And that's fine. But how is it that Anderton interviewed Frazier and Day on the 29th and reported Frazier was shown the bag, and Drain interviewed Lewis on the 29th and reported Frazier was shown the bag, while at the same time Drain supposedly interviewed Day on the 29th, and reported no one saw the bag?

Was Drain's report on his interview with Day a fabrication written by someone else, presumably one of his superiors? Did Drain even talk to Day? And, if not, was this phony report written to replace Anderton's report?
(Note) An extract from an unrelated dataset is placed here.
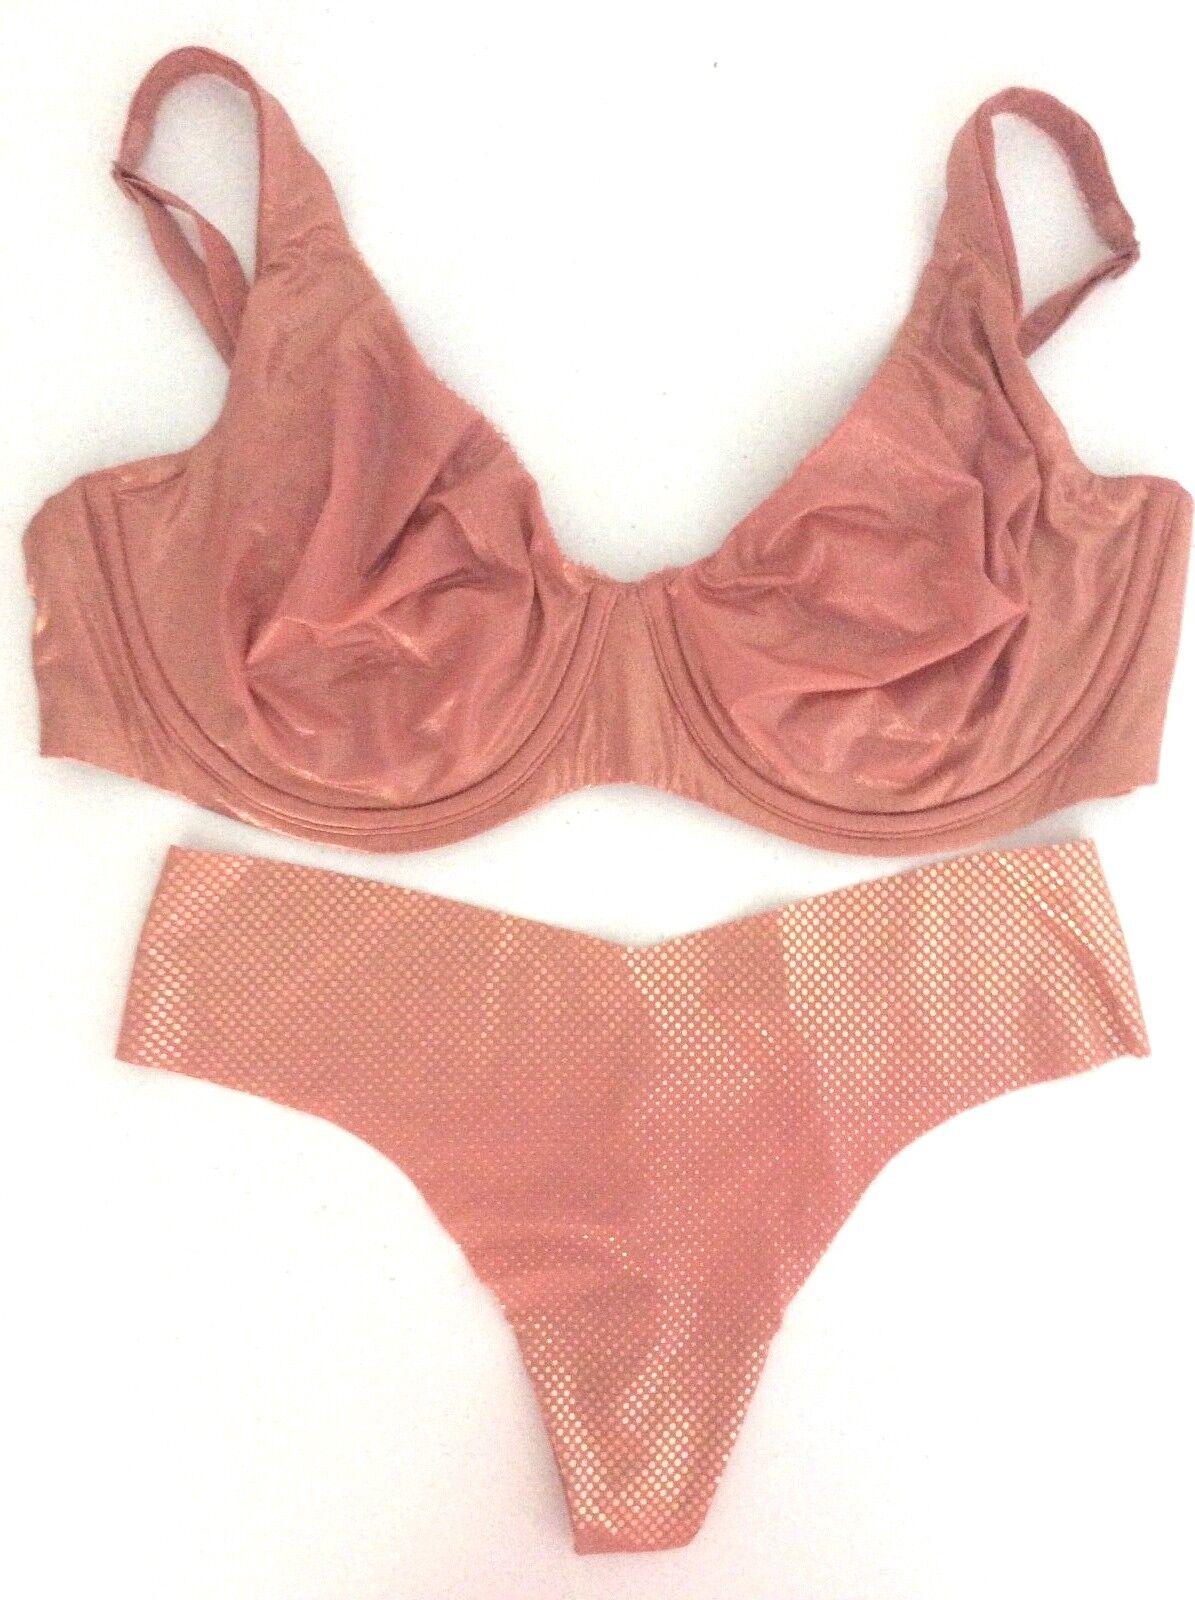 NEW Victoria's Secret Body By Victoria Unlined Plunge Shine Bra Panty Set 38DD L

The widespread desire to close the case, particularly as it relates to the paper bag and its use by Oswald to bring the rifle into the building, however, is demonstrated by a 12-1 article in the Philadelphia Bulletin, datelined the day before, describing the events of 11-22. This article describes the morning's events as follows: "Oswald picked the blanket roll off the floor and put it on a white leather chair. He was busy with the bundle for perhaps ten minutes, police said. From it, they added, he took the bolt-action rifle which was used to kill the President. Police said he transferred the rifle from the roll to a brown paper bag." Later in the article, Buell Frazier, who gave Oswald a ride to work, further describes the bag: "As they drove off, Frazier said, he glanced to the back seat where he saw a paper-wrapped bundle. 'He said, yes, it was his--and he muttered something about curtain rods,' said Frazier. As a matter of fact, said Frazier, Oswald had told him the day before that he would be bringing some rods to exchange them for other rods he wanted for his room at Mrs. Johnson's. 'It didn't look to me as long as a rifle ought to be,' said Frazier. 'It seemed to me it should have been longer. If it was a rifle, he had taken it apart, to put it together in the warehouse." A few paragraphs later, the article returns to the bag one last time: "Frazier doesn't remember what Oswald did with the paper-wrapped bundle. 'I just lost track of it,' he said, although I guess he took it out of the car because I didn't see it again."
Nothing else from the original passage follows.